While you hope you never need to use your car insurance policy, odds are that you will. When you have an accident or your car is stolen or suffers some other mishap, you should already have a plan in place for what to do.

The decision about filing a claim begins even before you buy the insurance, and you should have answers to these questions:

  • What are the coverage terms and limits of the policy?
  • How much money can you afford to shell out of your own pocket, and what's the market value of your vehicle? These two answers will govern the size of the deductible you select for the collision and comprehensive parts of the policy. If you have a $1,000 deductible, for example, you'd pay the first $1,000 of the repair bill and insurance would cover the rest.
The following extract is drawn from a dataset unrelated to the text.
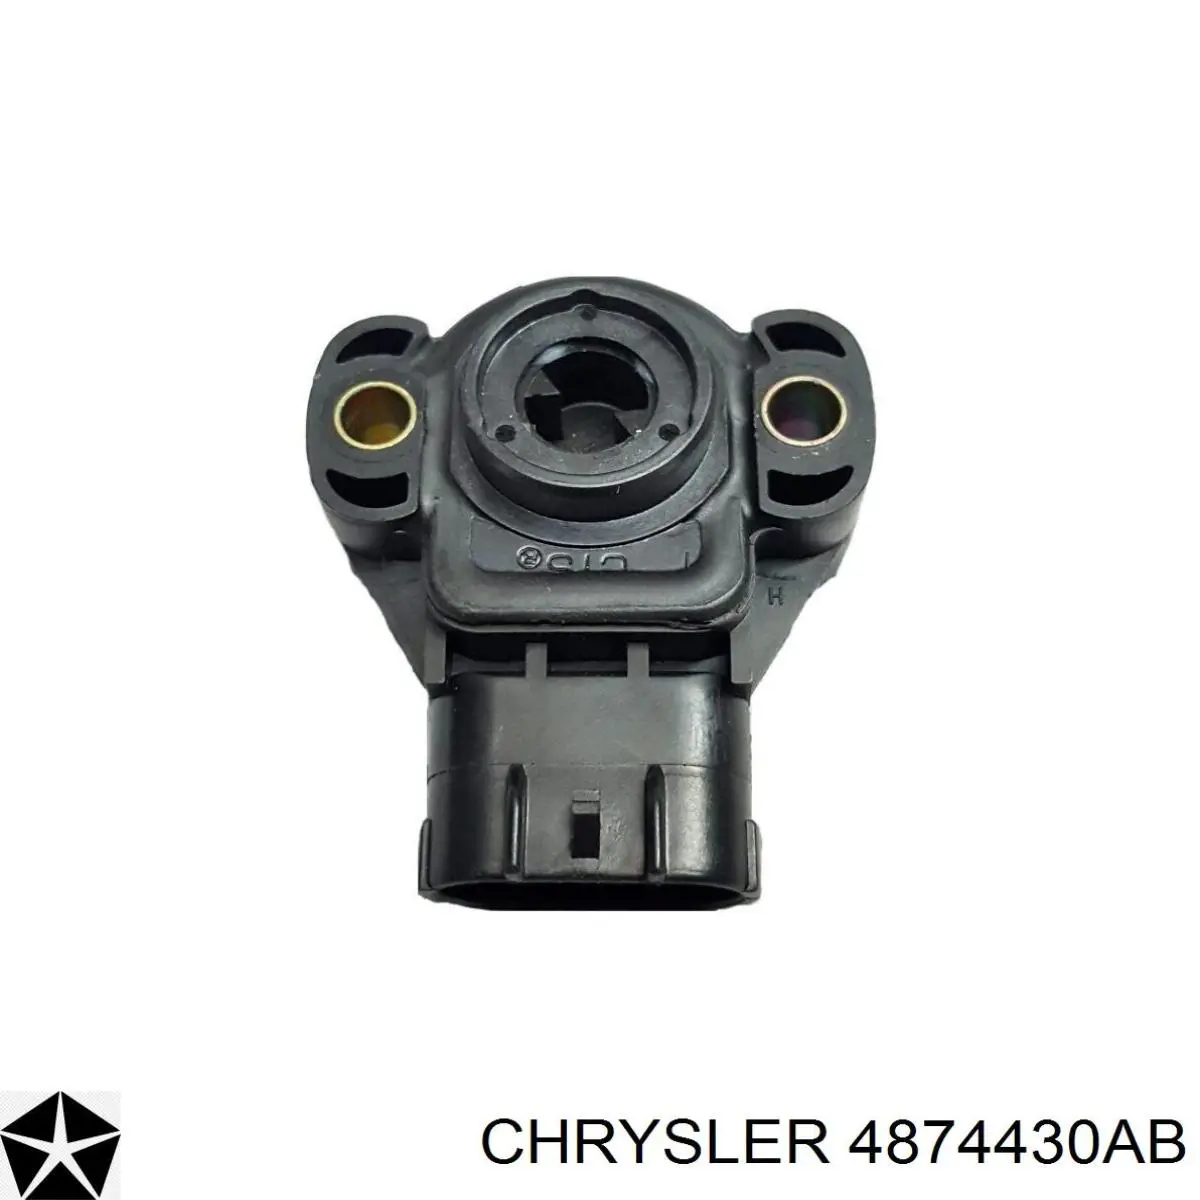 4874430AB Chrysler датчик положения дроссельной заслонки (потенциометр)

Check out our Car Insurance Glossary for more on deductibles.
  • Will your insurer raise your rates or even cancel your policy if you're in an accident? You need to know this before you buy the policy. It should be spelled out in the policy but you should make sure you speak to the insurer's representative and get an explanation in language you can understand.
  • If you file a claim, what is your insurer's policy on the type of repair parts that will be used to fix your car? Few people worry about this at the time they buy a car insurance policy. They should -- check out our Car Inurance Secrets: Repair Parts guide to learn why.
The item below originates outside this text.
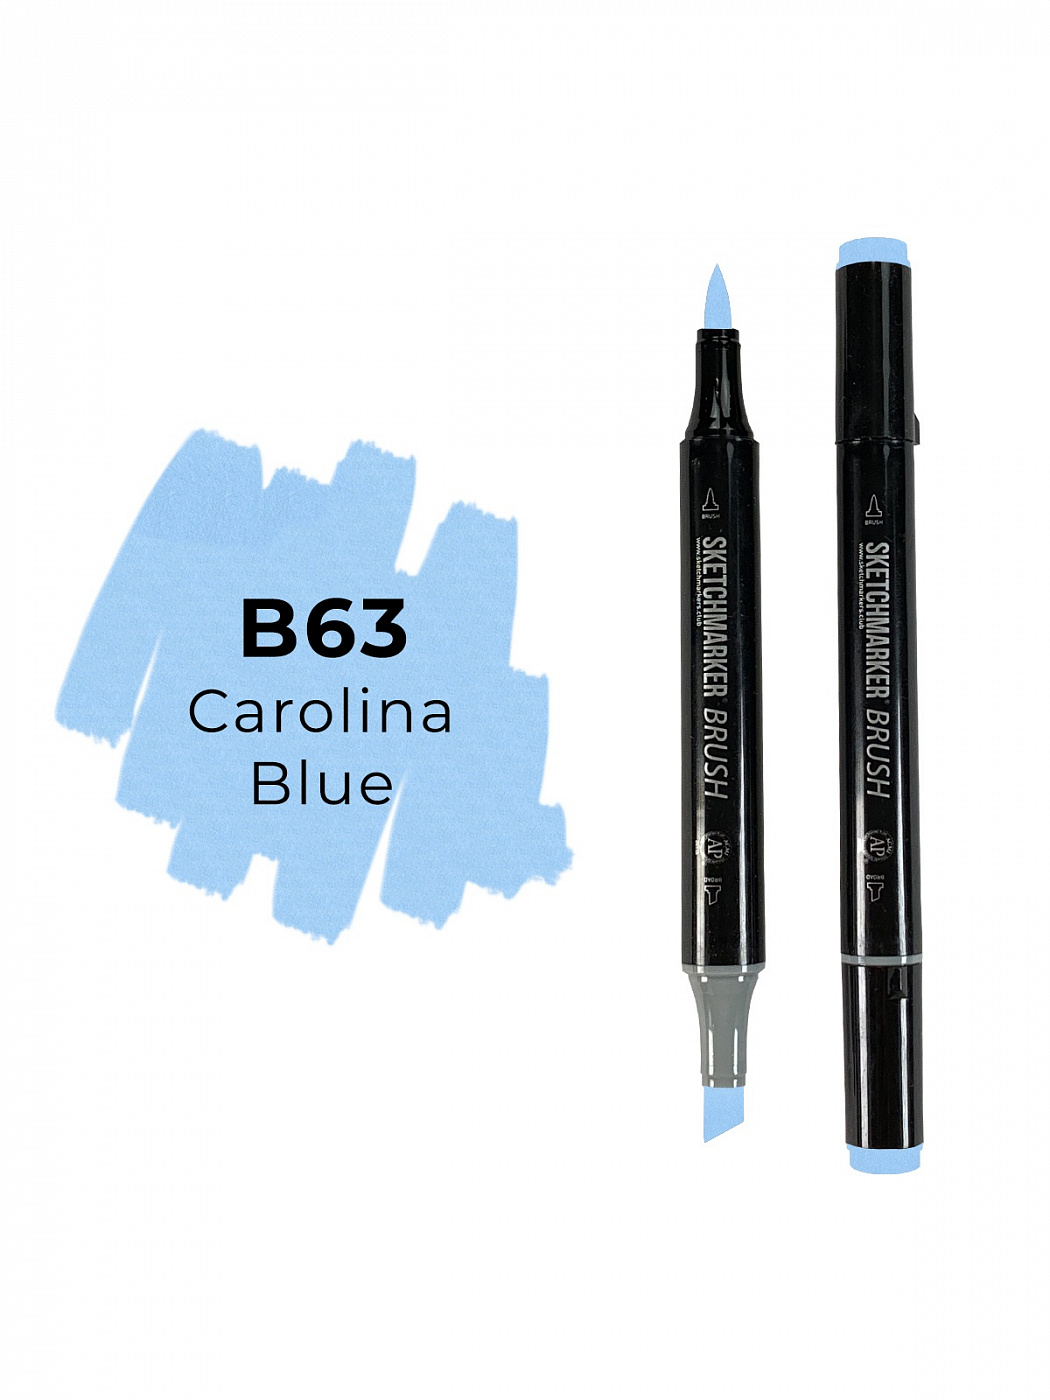 Маркер двухсторонний на спиртовой основе Sketchmarker Brush Цвет Синяя Каролина

Some insurers say they will give you a "freebie" and will not raise rates or cancel your policy after your first accident, even if it's clearly your fault. Other insurers aren't so charitable.

If you know your insurer's cancellation and rate-hike policies, you then can decide in advance what you will do if your vehicle is in an accident.  

Another basic rule is to call your insurer whenever you're in an accident. Keep in mind that contacting your insurer and filing an insurance claim are two separate actions. It's important to establish that your actions are prompt and responsible. Telling your insurer what's going on is the sensible course.

Here's a list of questions that you should ask your insurer, according to the Insurance Information Institute, a trade group funded by insurance companies:

  • Does my policy contain a time limit for filing claims and submitting bills?
  • Is there a time limit for resolving claims disputes?
  • If I need to submit additional information, is there a time limit?
  • When can I expect the insurance company to contact me?
  • Do I need to get repair estimates for the damage to my car?
  • Will my policy pay for a rental car while my car is being repaired? If so, how much?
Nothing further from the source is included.